Bivariate Causal Discovery Using Rate-Distortion MDL: An Information Dimension Approach

arXiv cs.LG / 4/8/2026

💬 OpinionSignals & Early TrendsIdeas & Deep AnalysisModels & Research

Key Points

  • The paper introduces rate-distortion MDL (RDMDL), a new bivariate causal discovery method built on the minimum description length (MDL) principle and rate-distortion theory.
  • It argues that prior MDL-based causal discovery approaches mis-estimate the description length contribution from the cause variable, causing the direction decision to be driven too heavily by the causal mechanism.
  • RDMDL estimates the cause’s description length via a minimum rate required to reach a distortion level inferred from histogram-based density estimation.
  • The method computes the rate using an information-dimension-based asymptotic approximation and combines it with a conventional description-length approach for the causal mechanism.
  • Experiments on the Tübingen dataset show RDMDL achieves competitive results, and the authors provide publicly available code and experiments.

Abstract

Approaches to bivariate causal discovery based on the minimum description length (MDL) principle approximate the (uncomputable) Kolmogorov complexity of the models in each causal direction, selecting the one with the lower total complexity. The premise is that nature's mechanisms are simpler in their true causal order.

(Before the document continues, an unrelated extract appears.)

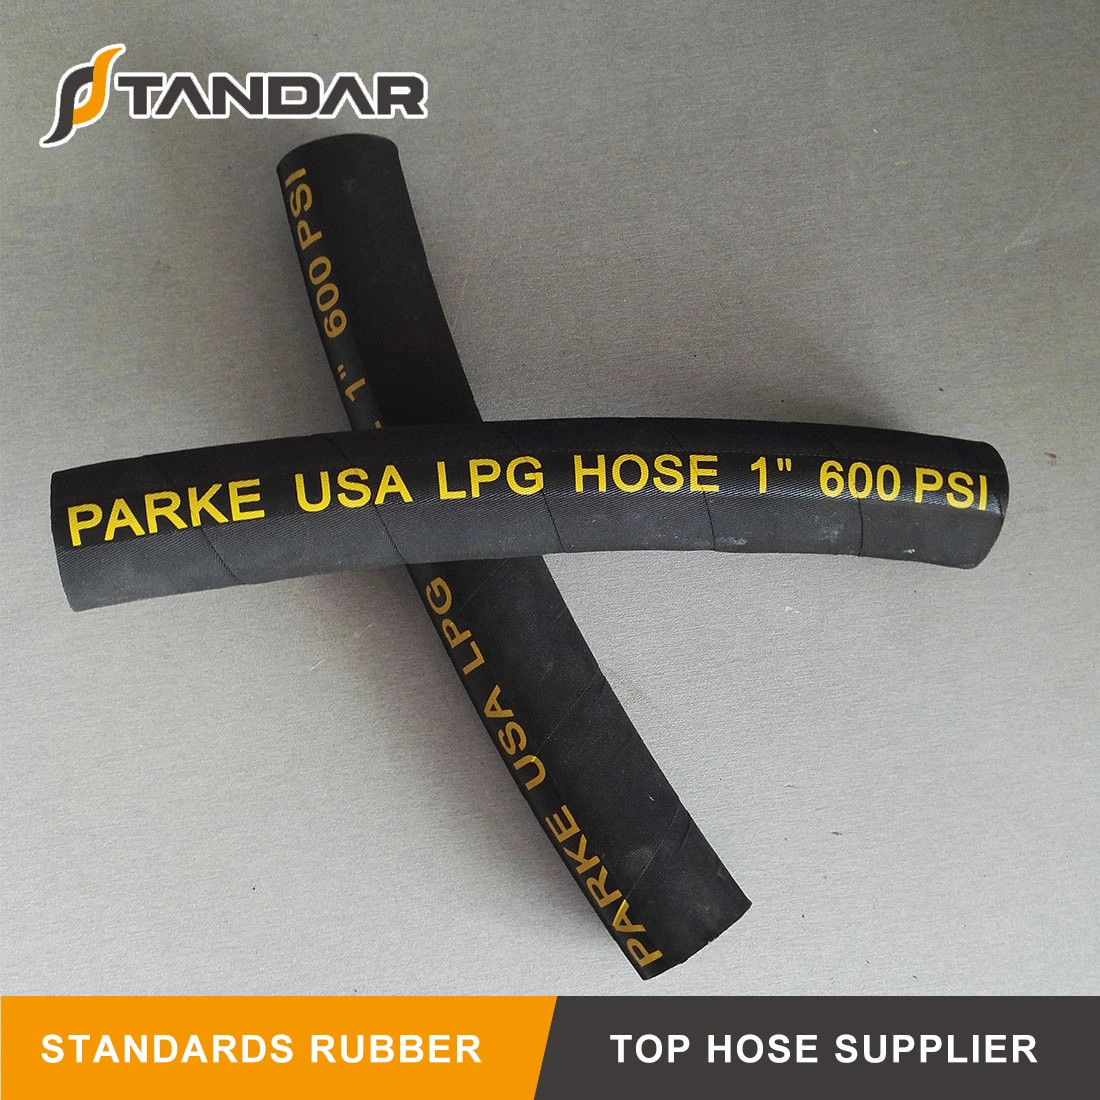 Low Temperature Flexible Rubber Coleman Propane Tank Adapter LPG Gas Flex Hoses and Fittings
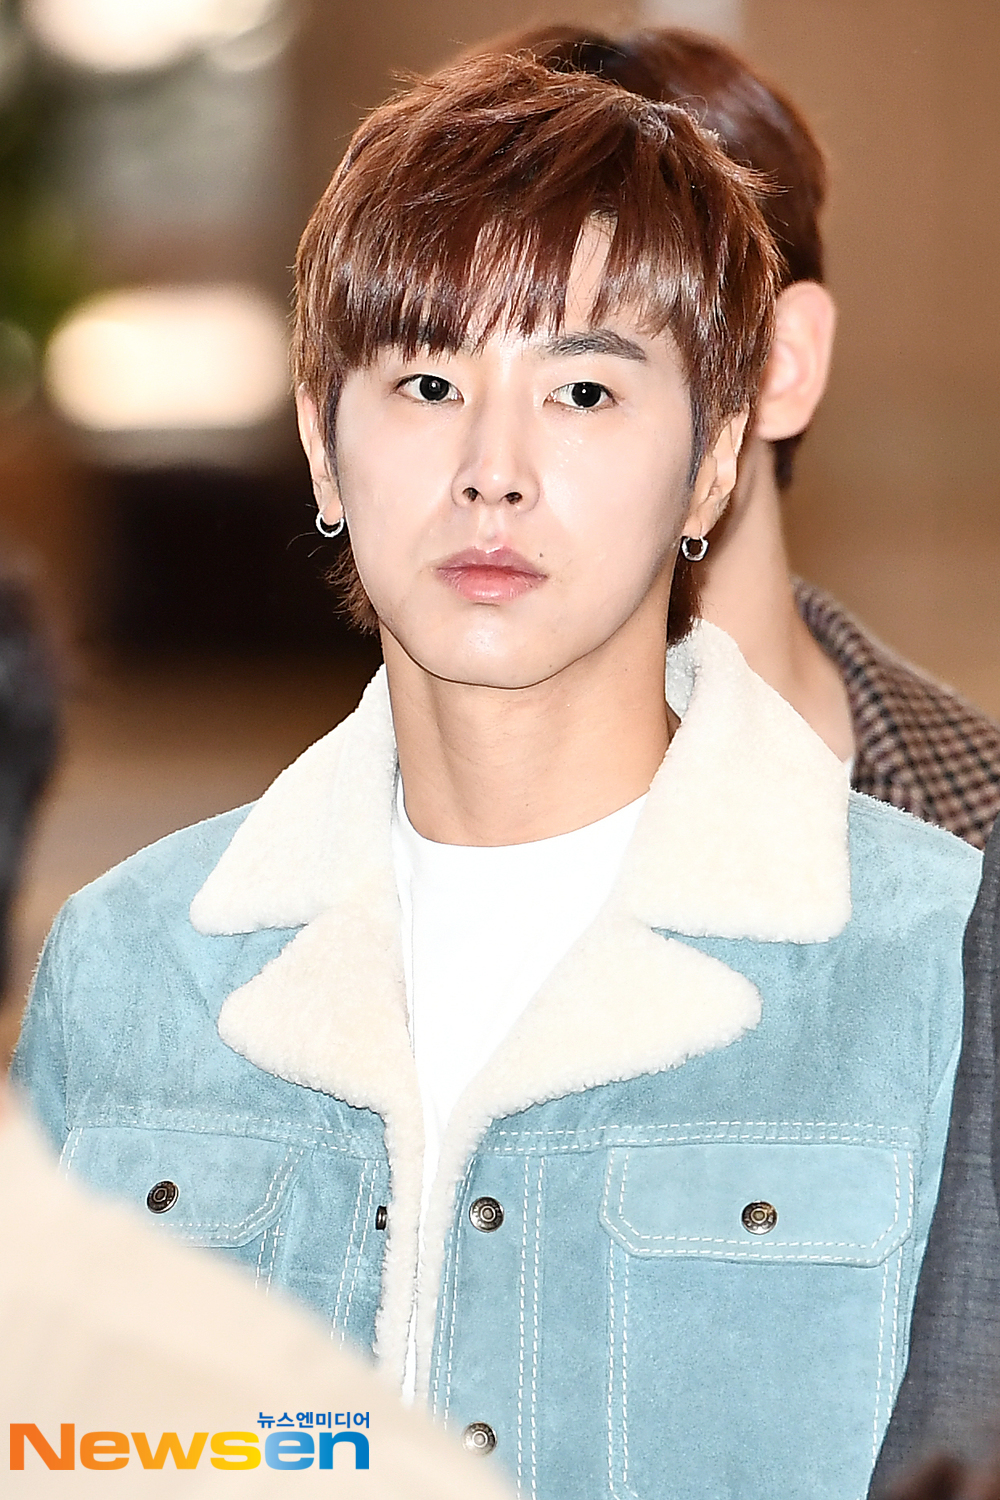 TVXQ members U-Know Yunho and Choi Chang-min departed for Tokyo Haneda on April 1 at Gimpo International Airport in Banghwa-dong, Gangseo-gu, Seoul to attend the Tohoshinki Fanclub Event 2019 TOHOSHINKI The GARDEN schedule.TVXQ member U-Know Yunho is leaving for Haneda, Tokyo.exponential earthquake

Inherently, the description length (complexity) in each direction includes the description of the cause variable and that of the causal mechanism. In this work, we argue that current state-of-the-art MDL-based methods do not correctly address the problem of estimating the description length of the cause variable, effectively leaving the decision to the description length of the causal mechanism. Based on rate-distortion theory, we propose a new way to measure the description length of the cause, corresponding to the minimum rate required to achieve a distortion level representative of the underlying distribution. This distortion level is deduced using rules from histogram-based density estimation, while the rate is computed using the related concept of information dimension, based on an asymptotic approximation. Combining it with a traditional approach for the causal mechanism, we introduce a new bivariate causal discovery method, termed rate-distortion MDL (RDMDL). We show experimentally that RDMDL achieves competitive performance on the T\"ubingen dataset. All the code and experiments are publicly available at github.com/tiagobrogueira/Causal-Discovery-In-Exchangeable-Data.